Folding behavior of a T-shaped, ribosome-binding translation enhancer implicated in a wide-spread conformational switch
- University of Maryland, United States
- Leidos Biomedical Research, Inc., Frederick National Laboratory for Cancer Research, United States
- Center for Cancer Research, National Cancer Institute, United States
Figures
Figure 1 with 1 supplement
Secondary structure, tertiary interactions, and new structural model of the TSS.
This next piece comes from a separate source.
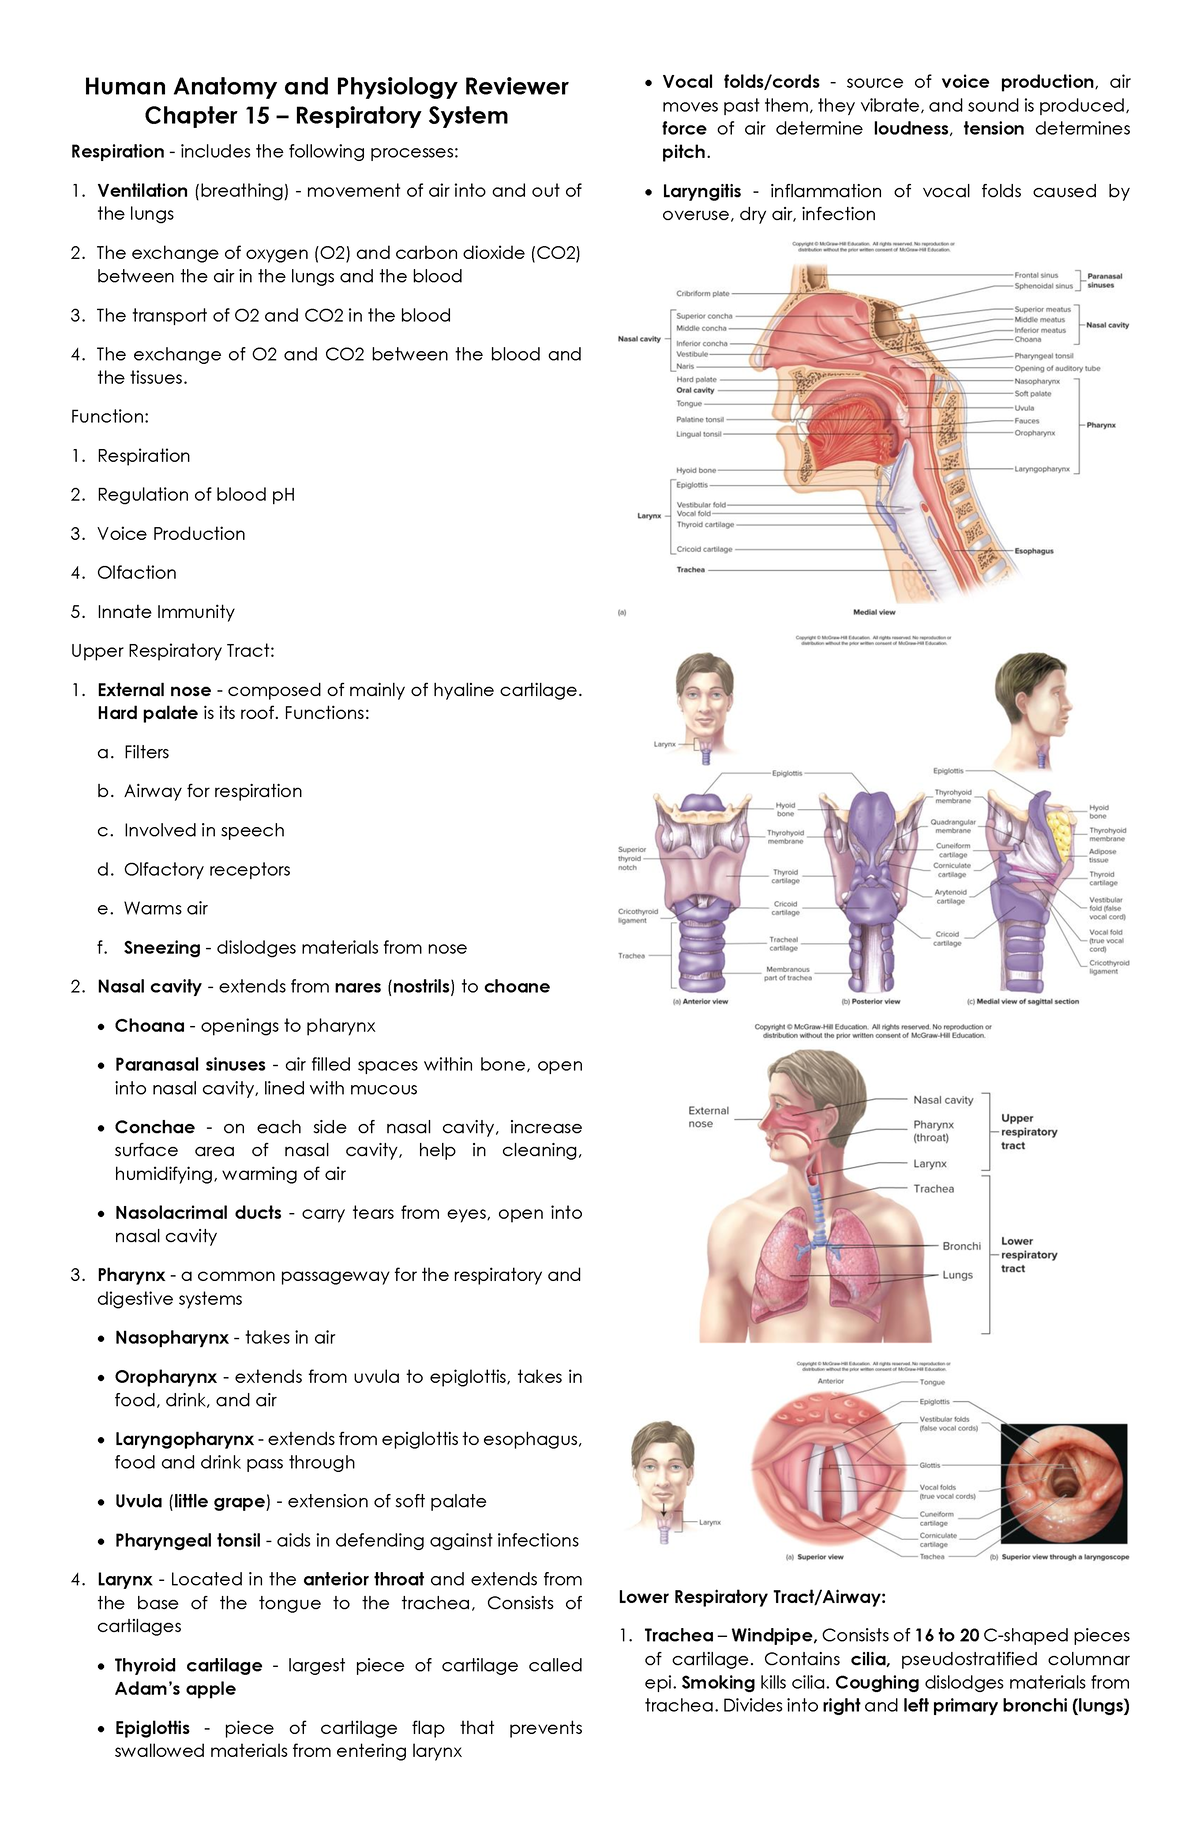 Transes U15 Respiratory System - Human Anatomy and Physiology Reviewer ...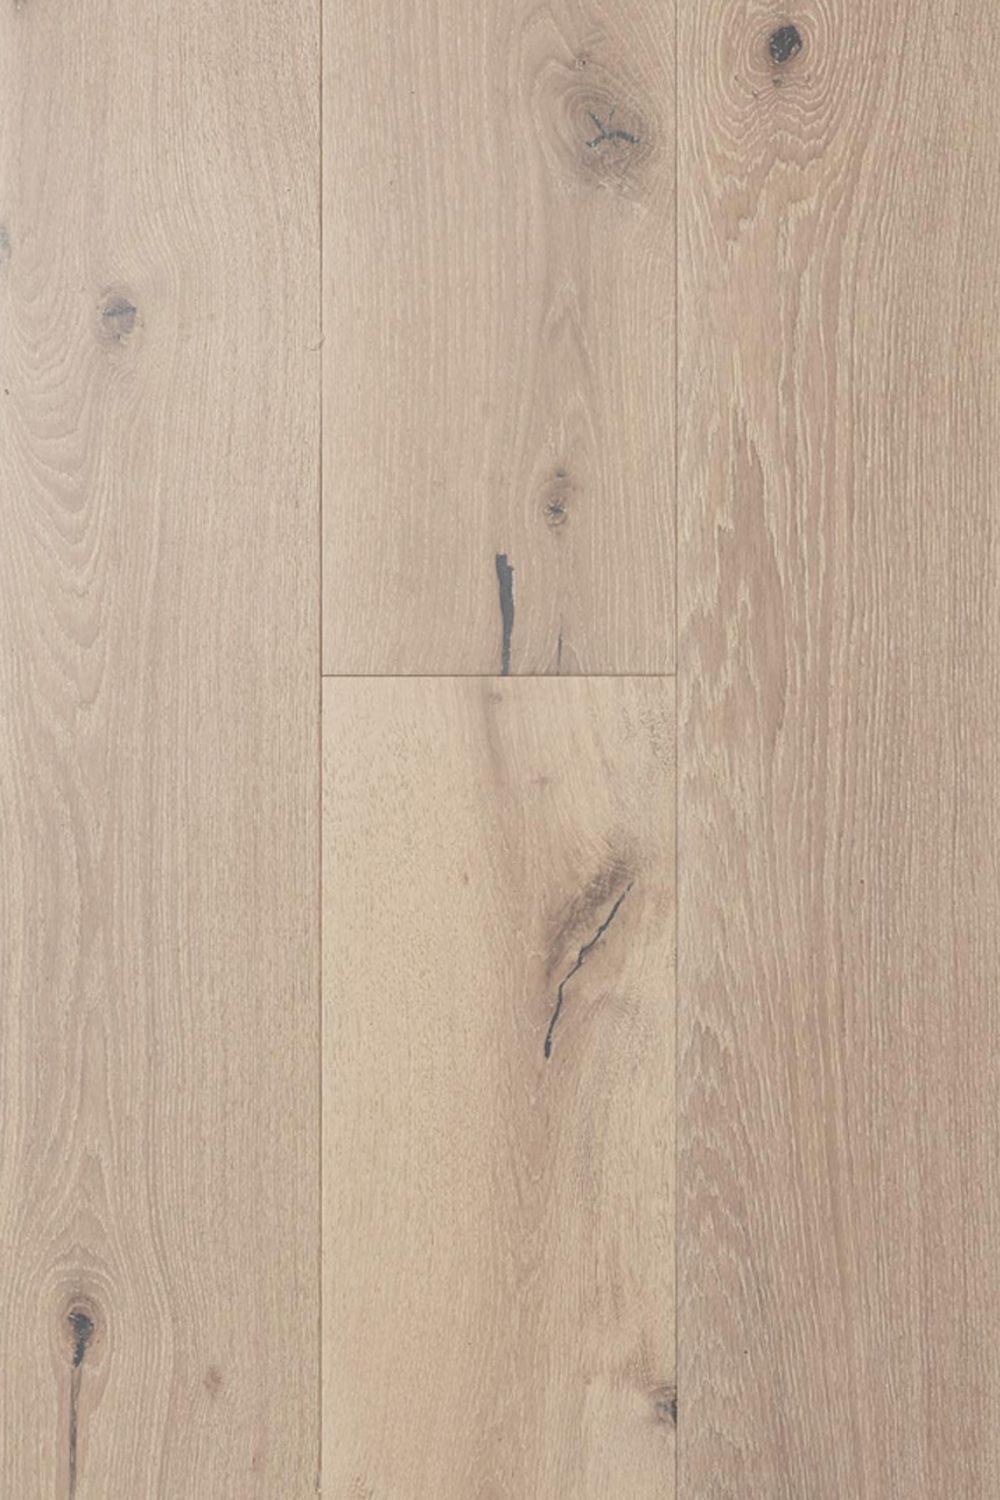 Everything You Need to Know About Engineered Hardwood Flooring

(A) Sequence of TSS118 near the 3’ end of TCV gRNA. Hairpins H4a, H4b and H5 and tertiary interactions Ψ2 and Ψ3 comprise the TSS. Tertiary interactions between underlined residues are indicated by hatched arrows. Predicted contour lengths of hairpins are in brackets. Residues in green and red are moderately and highly susceptible to in-line cleavages, respectively (see C and D). Residues in grey were not evaluated. The 5A region is boxed. Green and red circles denote residues with >25% reduction or enhancement in levels of cleavage, respectively, when 5A is altered to 5U. (B) Accumulation of full-length wt and mutant TCV gRNA in Arabidopsis protoplasts. Individual adenylates were converted to the bases indicated. Data is from three independent experiments and standard deviation is shown. (C) In-line probing of the wt and 5AtoU TSS118 fragments. OH, partial hydroxide cleavage ladder; T1, partial RNase T1 digest of denatured RNA showing the location of guanylates; wt and 5AtoU control lanes were not subjected to in-line cleavage. Intensity of the in-line cleavage products correlates with flexibility of the residues. (D) Longer run of the samples shown in (C). (E) Model of TCV118 corresponding to a 25 ns state in a 40 ns-long MD trajectory. 5’ end C6 and A7 through A9 form stable Hoogsteen edge interactions with Ψ3. All 3’ end nucleotides beyond G110 remain single stranded. A fragment of this model (TSS108), comprising C5 through A112, was used as the starting point for all Steered Molecular Dynamics pulling simulations (Figure 8 and Figure 8—figure supplement 1). Nucleotides and atoms where the pulling force was applied (C5:O5’ and A112:O3’) were selected to determine the direction of pulling and have the restraints applied to are labeled and arrows indicate the direction of pulling. (F) Difference in residue flexibility in wt and 5AtoU fragments. Data is from three in-line probing experiments quantified using SAFA software.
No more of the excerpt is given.